━━ Information shown ━━

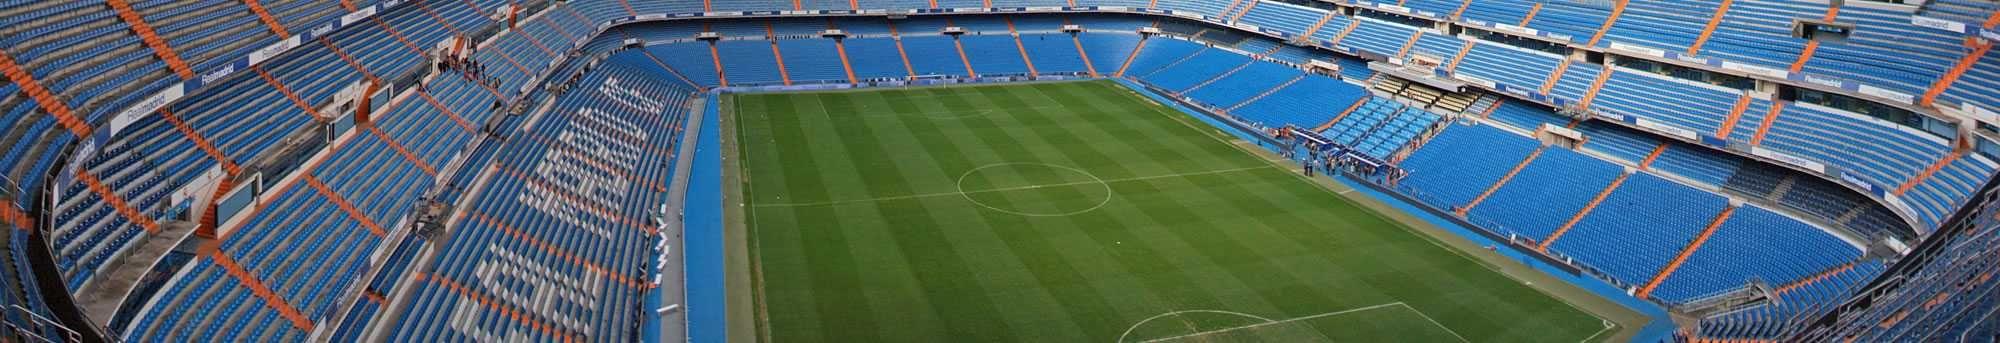 Tour Estadio Santiago Bernabéu
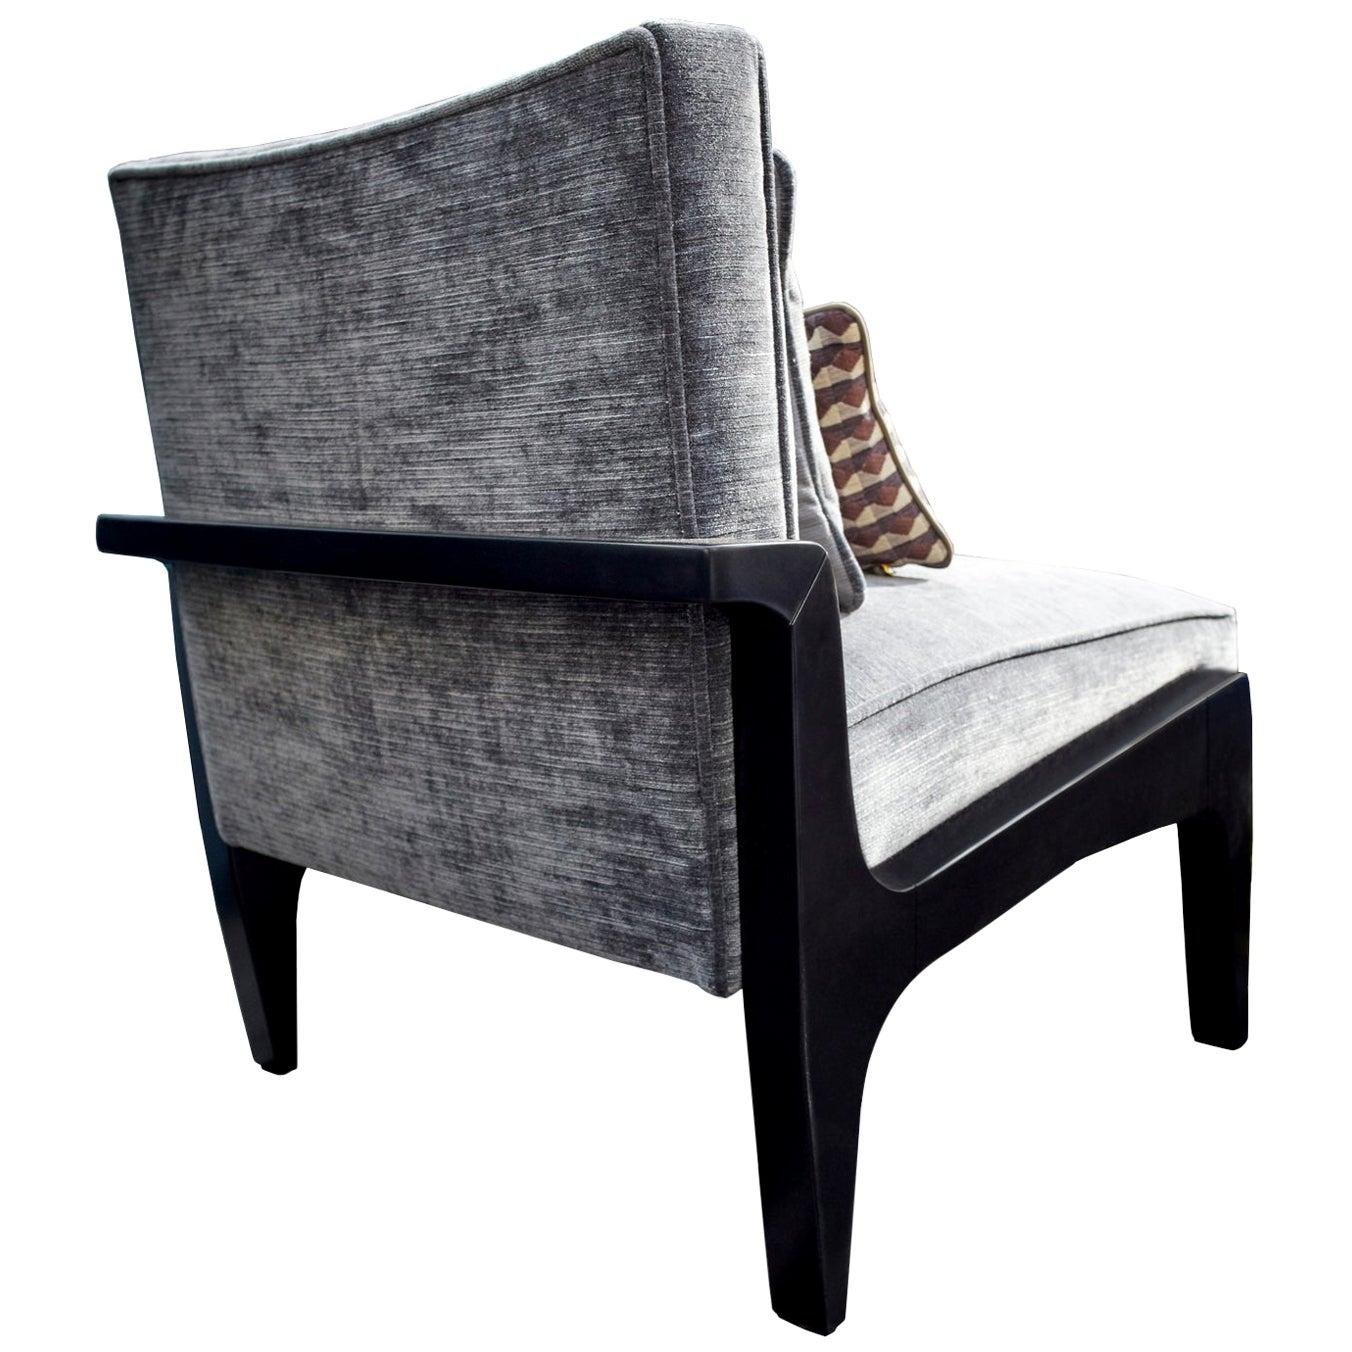 Art Deco Inspired Atena Chair Black Ebony and Grey Ribbed Velvet
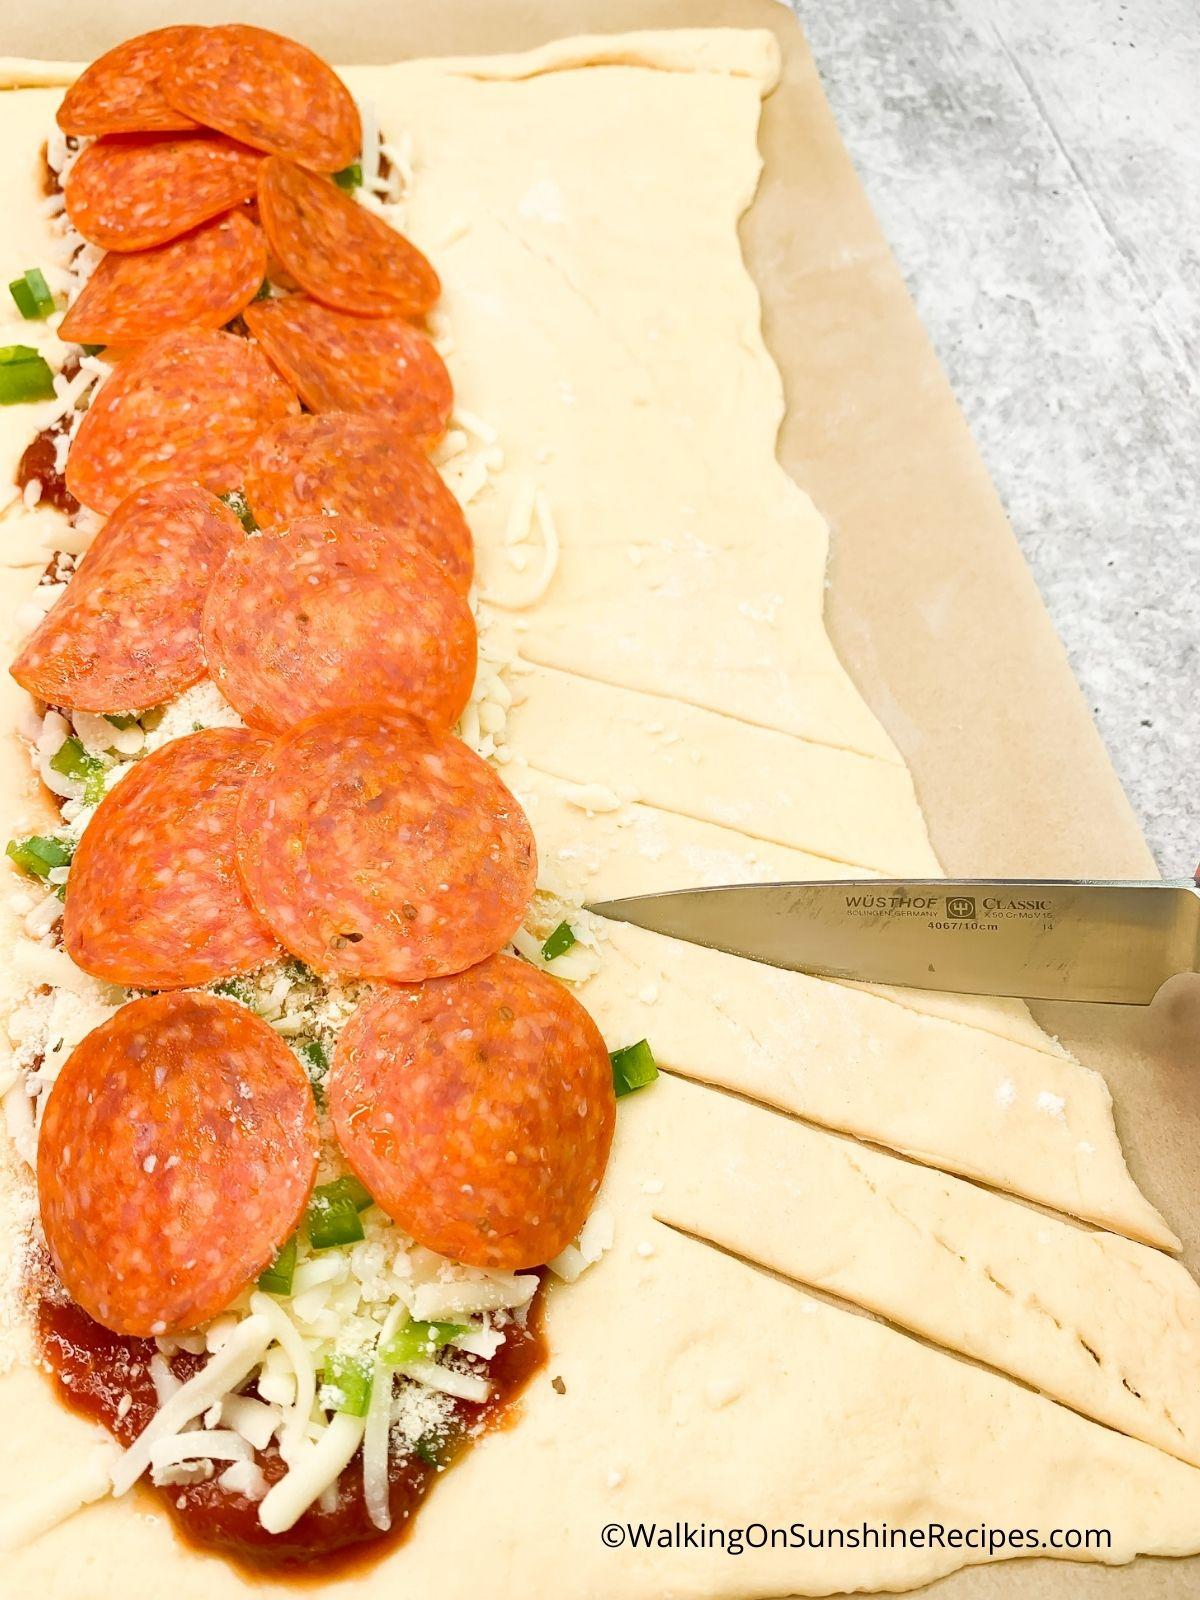 Make slices in crescent dough.
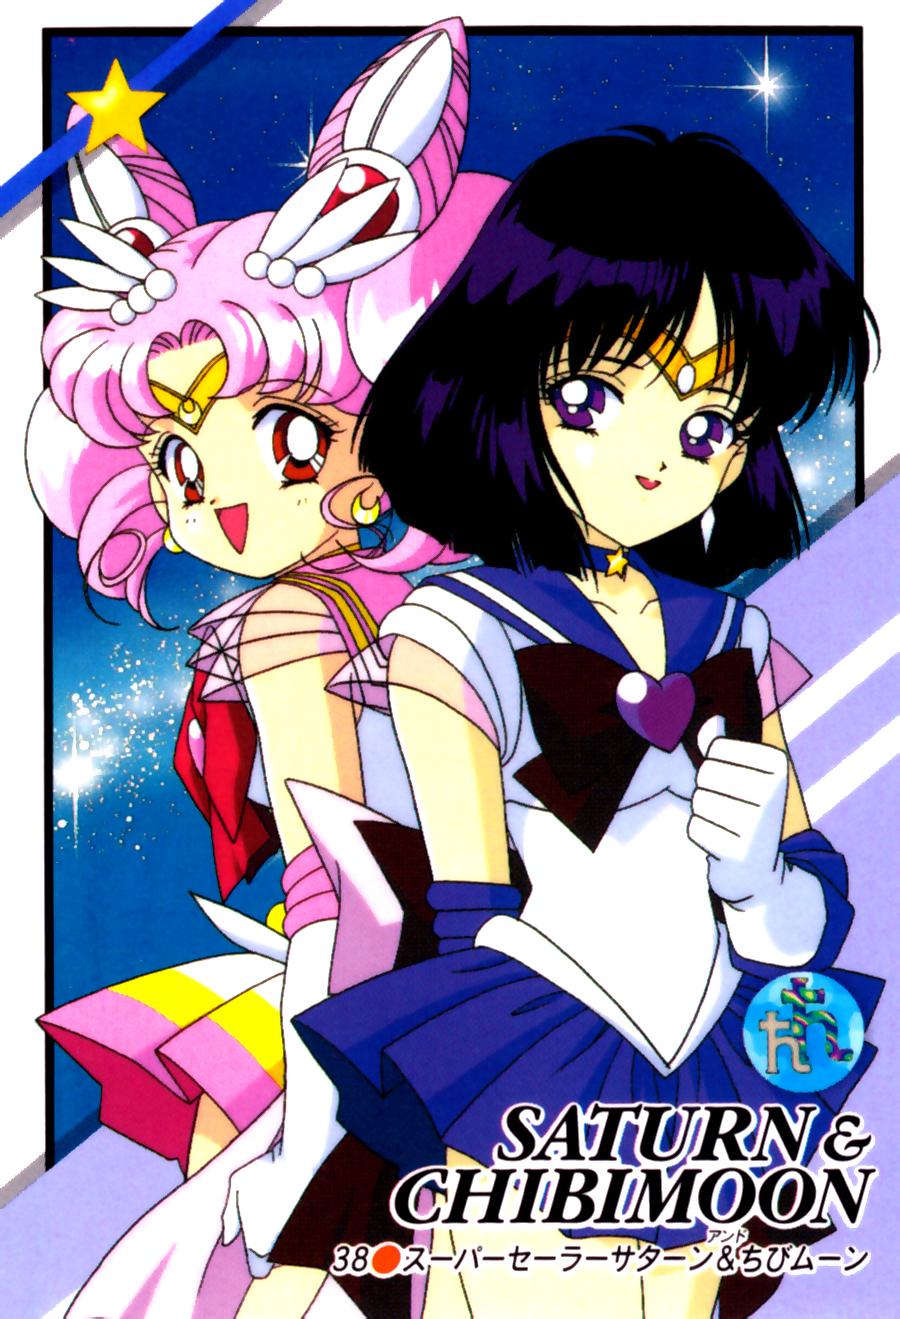 Sailor chibi Moon and Saturn

━━━

■ Required action: All of the data above should be printed again exactly, though none of the pictures belong in the copy.

■ Written answer:
 Tour Estadio Santiago Bernabéu
 Art Deco Inspired Atena Chair Black Ebony and Grey Ribbed Velvet
 Make slices in crescent dough.
 Sailor chibi Moon and Saturn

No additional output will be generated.